I am driving a brushed DC motor (internal to a linear actuator) with a TI DRV8872 motor driver. I am PWMing the motor driver at 20 kHz and varying the duty cycle to control the speed.
The problem is that the motor driver output lines are very noisy on the edge transitions and this noise is getting into the rest of my board; see scope capture of the motor driver input (pink) and motor driver output (blue).
As you can see, the output is not a nice square wave but has weird behavior on the edges.
I tested other brushed DC motors with the exact same setup and did not see this at all. In fact, it was a perfect square wave as expected. So from that, I was able to conclude that my driver setup was correct and the problem was related to the brushed DC motor load (inside of the linear actuator).
I took apart the linear actuator and noticed that the specific one I was using had three 0.1 μF capacitors soldered to it (one inbetween the motor terminals and one from each terminal to ground). As I understand, this is commonly done to prevent the arcing of the brushes from causing noise. The other ones did not have these capacitors. Once I removed the capacitors, everything worked as expected, so it seems the capacitors are causing issues with the PWM drive.

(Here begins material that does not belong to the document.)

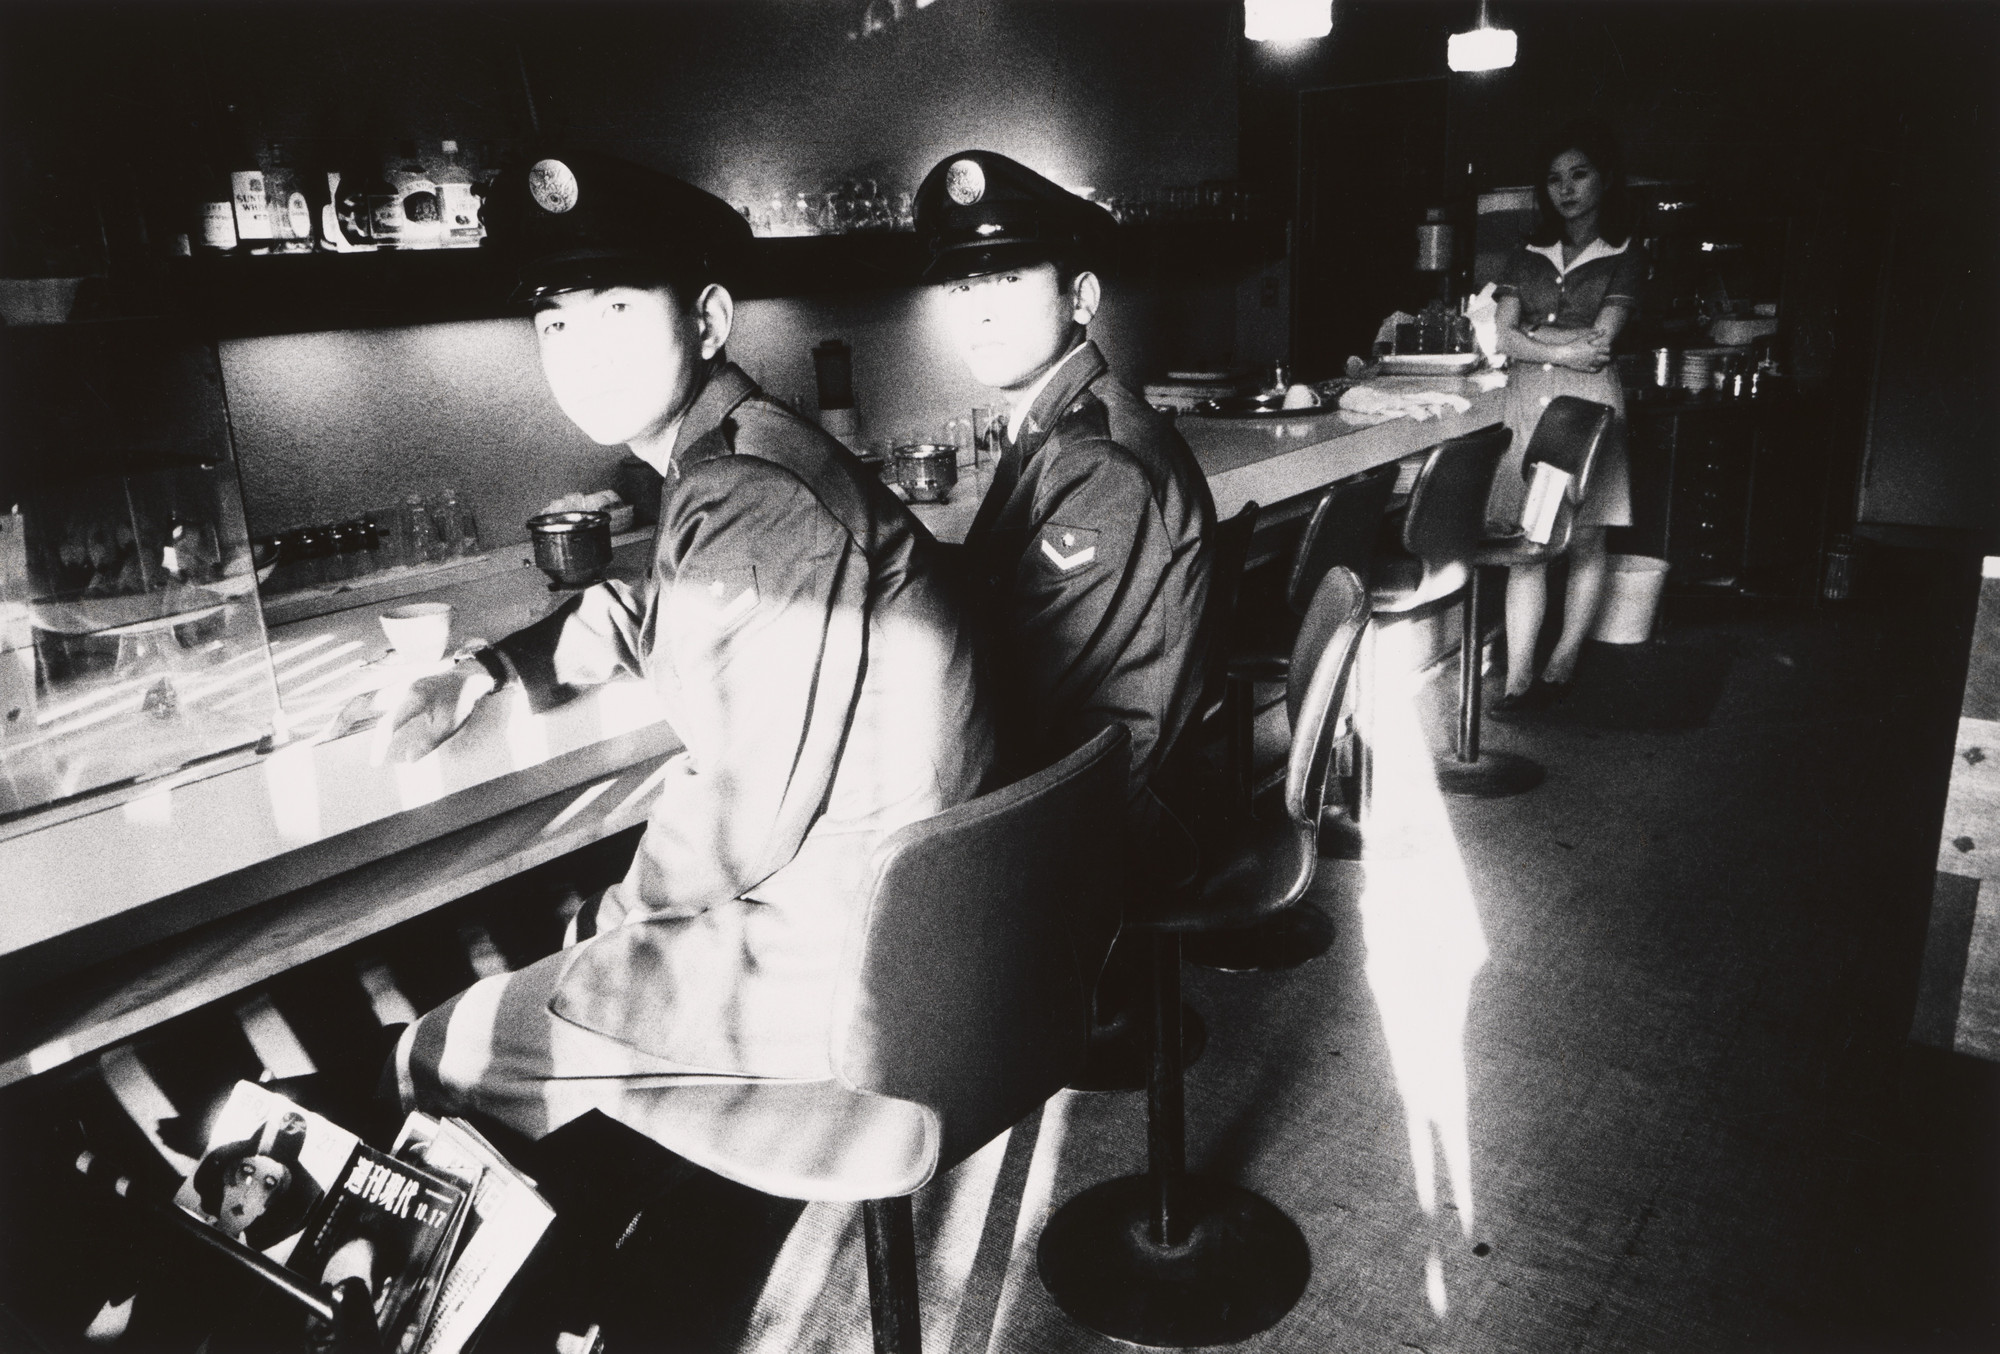 Daido Moriyama. Soldiers, Hamamatsu. 1968 | MoMA

However, since the capacitors are internal to the linear actuator and the company says they are necessary for CE compliance, I can't remove them. My questions are:
- Why/how are the capacitors causing this weird behavior in the first place? Shouldn't the capacitors actually help by providing a source of energy for the current to quickly pull from?
- Why do none of the other linear actuators have capacitors, but are somehow still CE compliant?
- Is there any way I can work around this to PWM-drive the brushed DC motor?